On 08/04/2013 12:26 PM, Anat Rozenzon wrote:
Hi,
I'm trying to read a directory with the spooler and at some point I'm
starting to get these errors:
01 Aug 2013 10:10:17,892 ERROR [pool-6-thread-1]
(org.apache.flume.source.SpoolDirectorySource$SpoolDirectoryRunnable.run:173)
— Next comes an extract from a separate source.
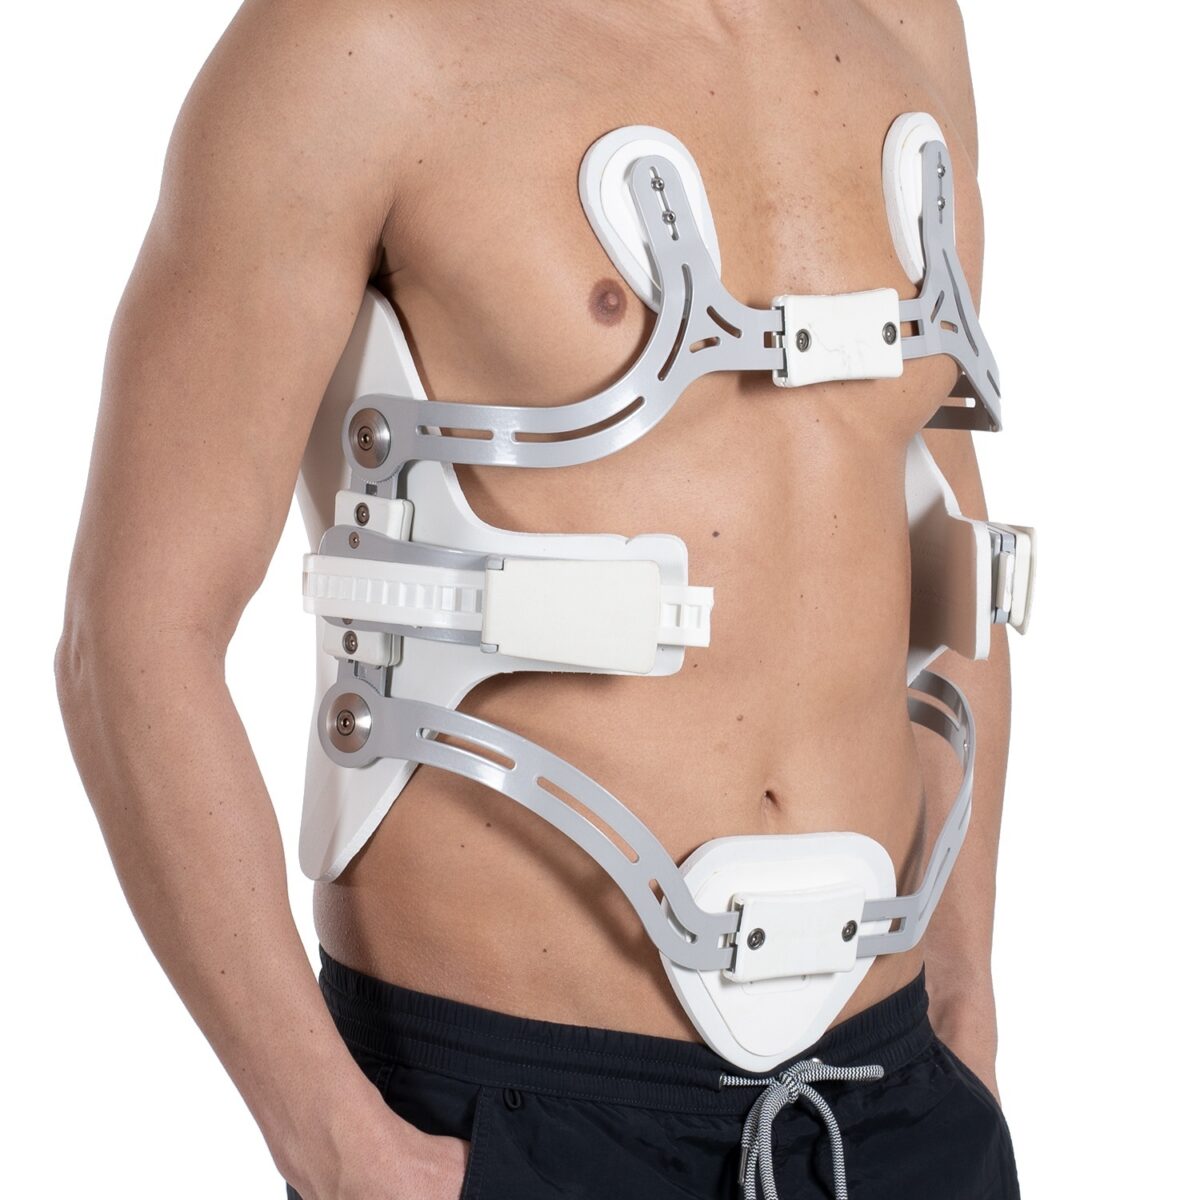 wingmed orthopedic equipments W450 hyperextension corset 4 points 15

- Uncaught exception in Runnable
java.nio.charset.MalformedInputException: Input length = 1
at
java.nio.charset.CoderResult.throwException(CoderResult.java:277)
at
org.apache.flume.serialization.ResettableFileInputStream.readChar(ResettableFileInputStream.java:169)
at
org.apache.flume.serialization.LineDeserializer.readLine(LineDeserializer.java:134)
at
org.apache.flume.serialization.LineDeserializer.readEvent(LineDeserializer.java:72)
at
org.apache.flume.serialization.LineDeserializer.readEvents(LineDeserializer.java:91)
at
org.apache.flume.client.avro.ReliableSpoolingFileEventReader.readEvents(ReliableSpoolingFileEventReader.java:221)
at
org.apache.flume.source.SpoolDirectorySource$SpoolDirectoryRunnable.run(SpoolDirectorySource.java:160)
at
java.util.concurrent.Executors$RunnableAdapter.call(Executors.java:471)
at
java.util.concurrent.FutureTask$Sync.innerRunAndReset(FutureTask.java:351)
at
java.util.concurrent.FutureTask.runAndReset(FutureTask.java:178)
at
java.util.concurrent.ScheduledThreadPoolExecutor$ScheduledFutureTask.access$301(ScheduledThreadPoolExecutor.java:178)
at
java.util.concurrent.ScheduledThreadPoolExecutor$ScheduledFutureTask.run(ScheduledThreadPoolExecutor.java:293)
at
java.util.concurrent.ThreadPoolExecutor.runWorker(ThreadPoolExecutor.java:1110)
at
java.util.concurrent.ThreadPoolExecutor$Worker.run(ThreadPoolExecutor.java:603)
at java.lang.Thread.run(Thread.java:722)
I can see that this is a character set issue, however, the files are
suppose to be UTF-8 files.
Still some characters are invalid, is there any way to ignore these lines?
Also, is there a way to know which file/line is causing the exception?
Thanks
Anat